Liebe Sam, wie sieht jetzt Dein Tagesablauf aus?

Er sieht wie immer aus. Ich stehe auf, trinke meinen Kaffee und mach dann ein kleines Yoga-Programm. Wobei das von meiner Schlafqualität, die Nacht zuvor, abhängt. Dann setze ich mich an den Schreibtisch und arbeite, wie jetzt gerade, an meinem Manuskript.

Sam Bennet, Schriftstellerin

Was ist jetzt für uns alle besonders wichtig?

Mehr solidarischen Zusammenhalt und weniger Egoismus

Vor einem Aufbruch und Neubeginn werden wir jetzt alle gesellschaftlich und persönlich stehen. Was wird dabei wesentlich sein und welche Rolle kommt dabei der Literatur, der Kunst an sich zu?

Es liegt doch auf der Hand; Frieden zu schaffen, Hände zu reichen und endlich aufhören Natur und Mensch auszubeuten.

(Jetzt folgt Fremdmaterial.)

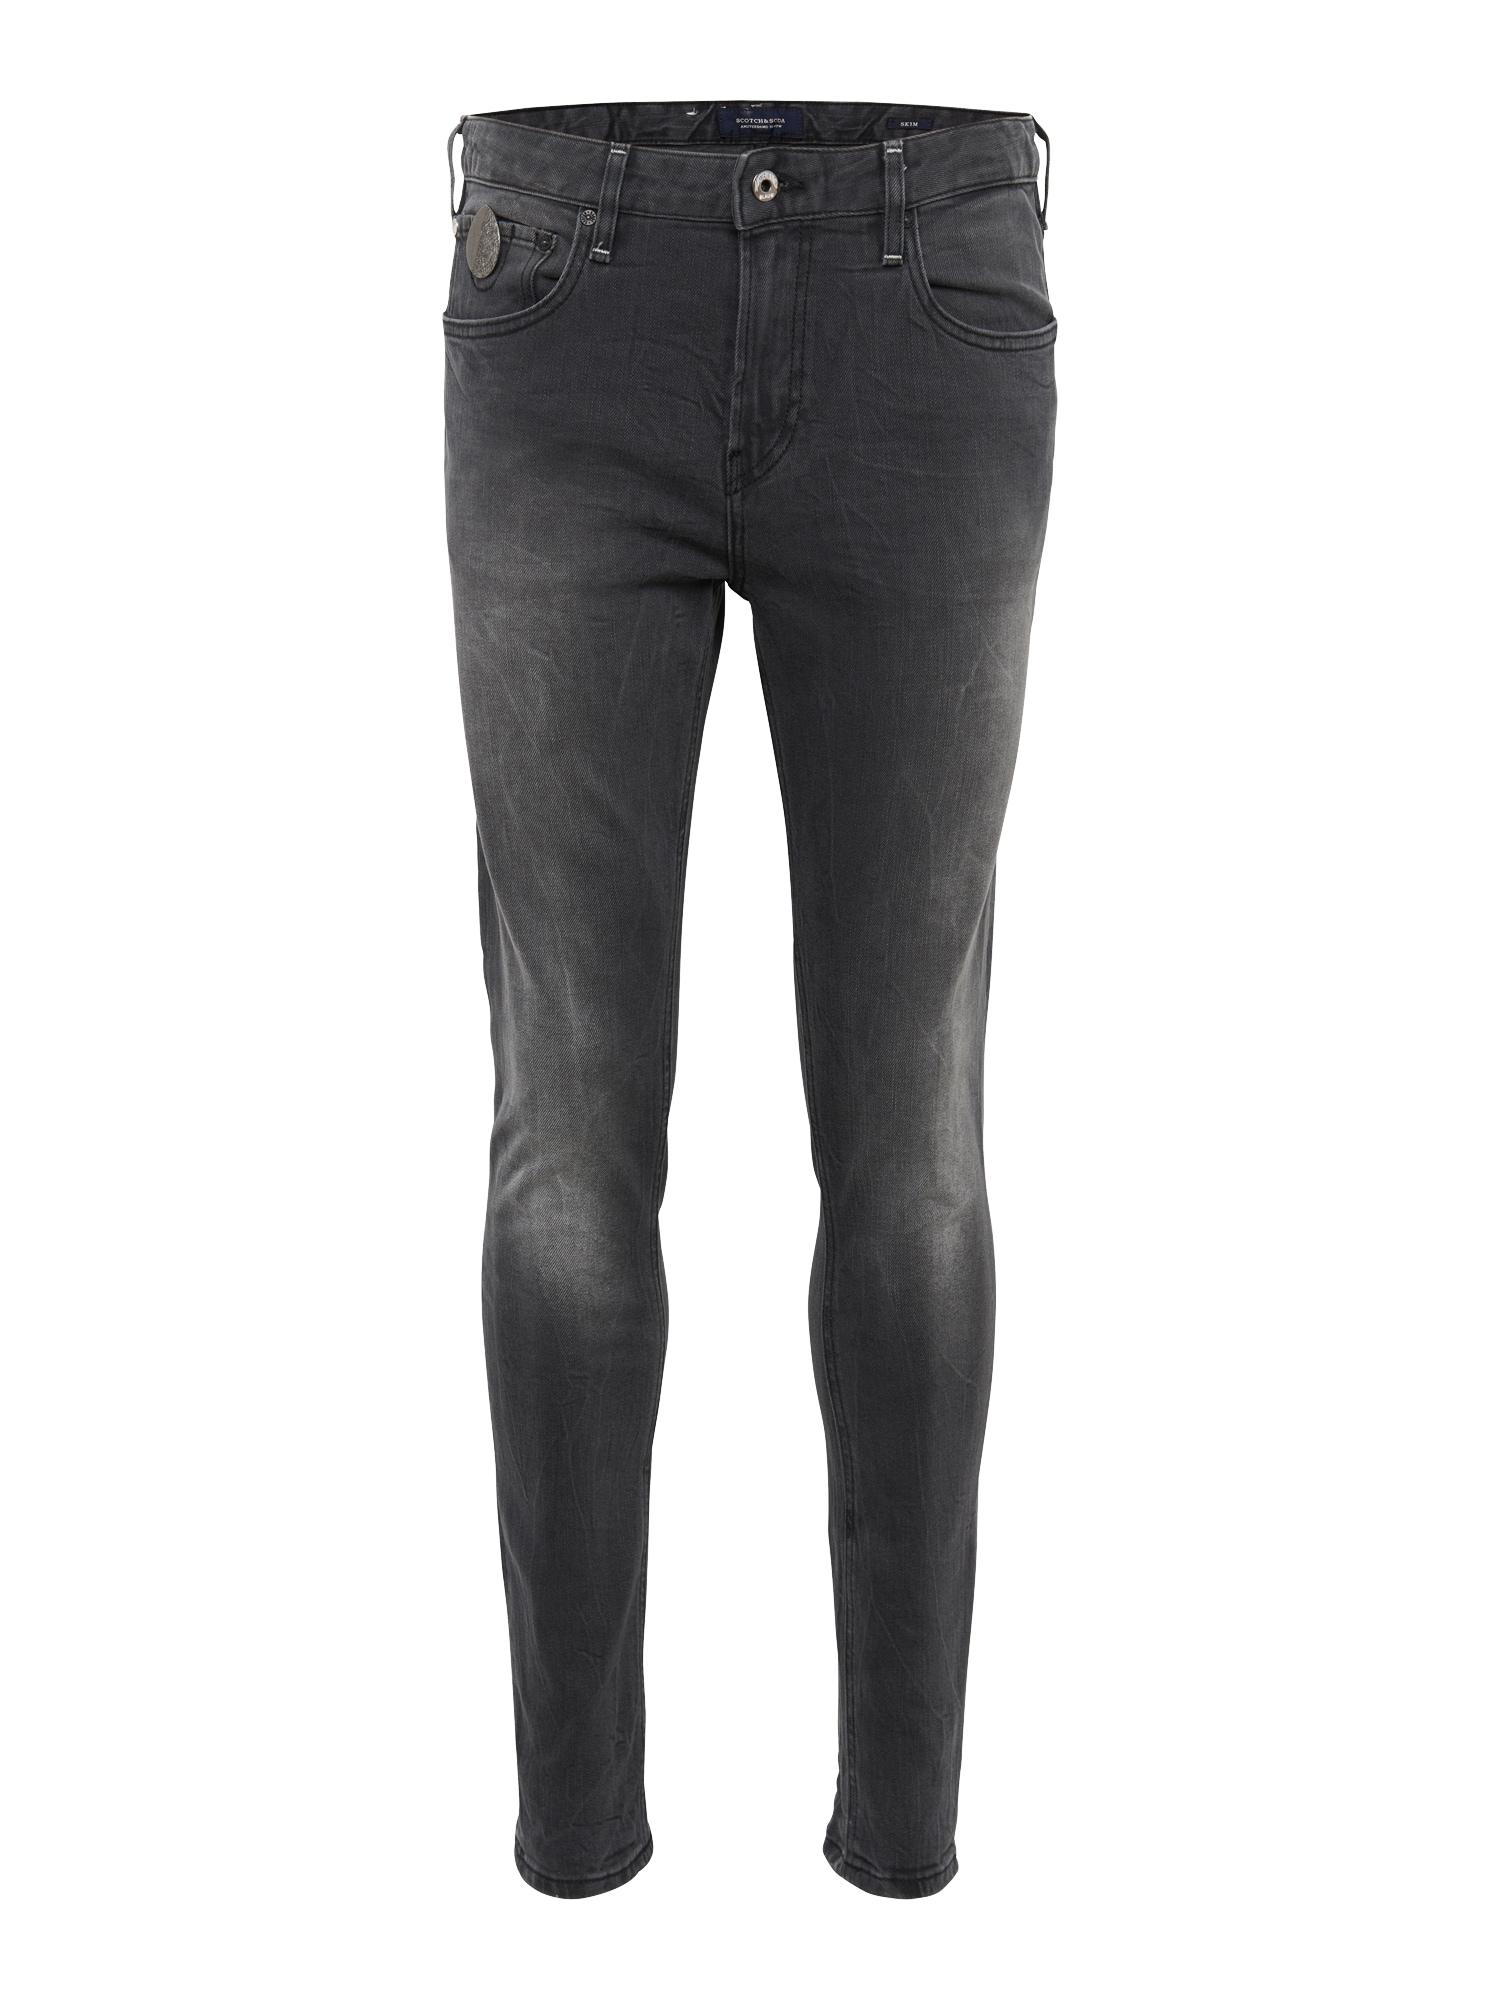 SCOTCH  and  SODA Heren Jeans Skim Dragster black denim
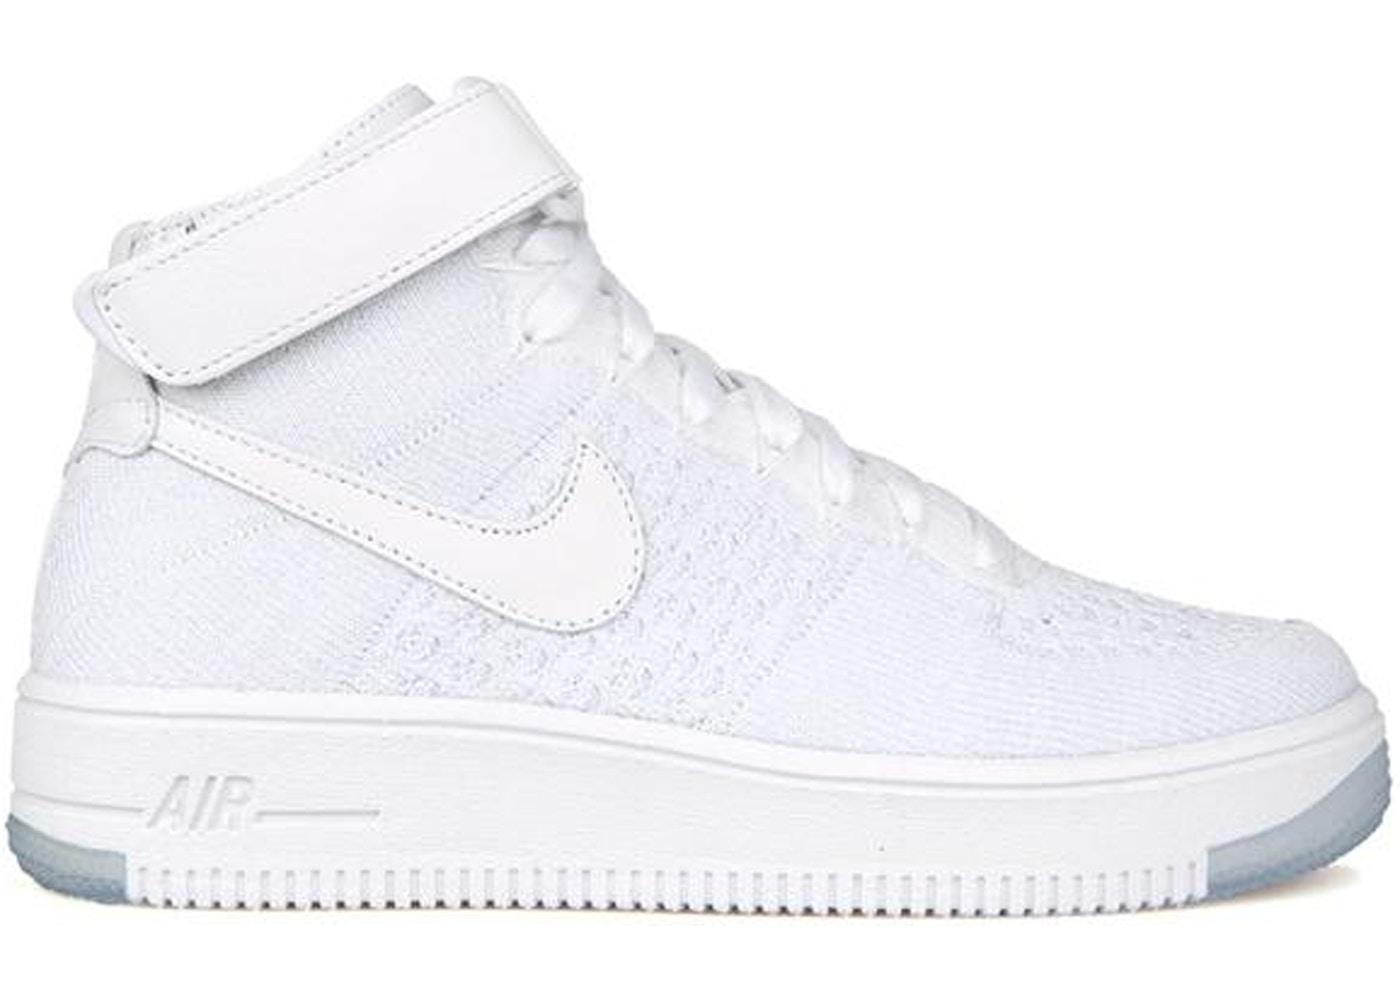 Nike Air Force 1 Flyknit Triple White (W) - 818018-100

Literatur hat die Aufgabe über Landesgrenzen hinaus zu verbinden und offen zu sein und zu bleiben.

Was liest Du derzeit?

Da ich gerade an meinem neuen Roman schreibe, lenke ich mich eher nicht mit Literatur ab. Ich habe zuletzt den dritten Band von Stephen Kings „Der dunkle Turm“ gelesen.

Und vom großartigen Aladin El-Mafaalani, „Wozu Rassismus?“ – kann ich wirklich jedem ans Herz legen

Welches Zitat, welchen Textimpuls möchtest Du uns mitgeben?

Wer keinen inneren Frieden kennt, wird auch in der Begegnung mit anderen keinen inneren Frieden finden.

Dalai Lama

Vielen Dank für das Interview liebe Sam, viel Freude und Erfolg weiterhin für Deine großartigen Literaturprojekte und persönlich in diesen Tagen alles Gute! 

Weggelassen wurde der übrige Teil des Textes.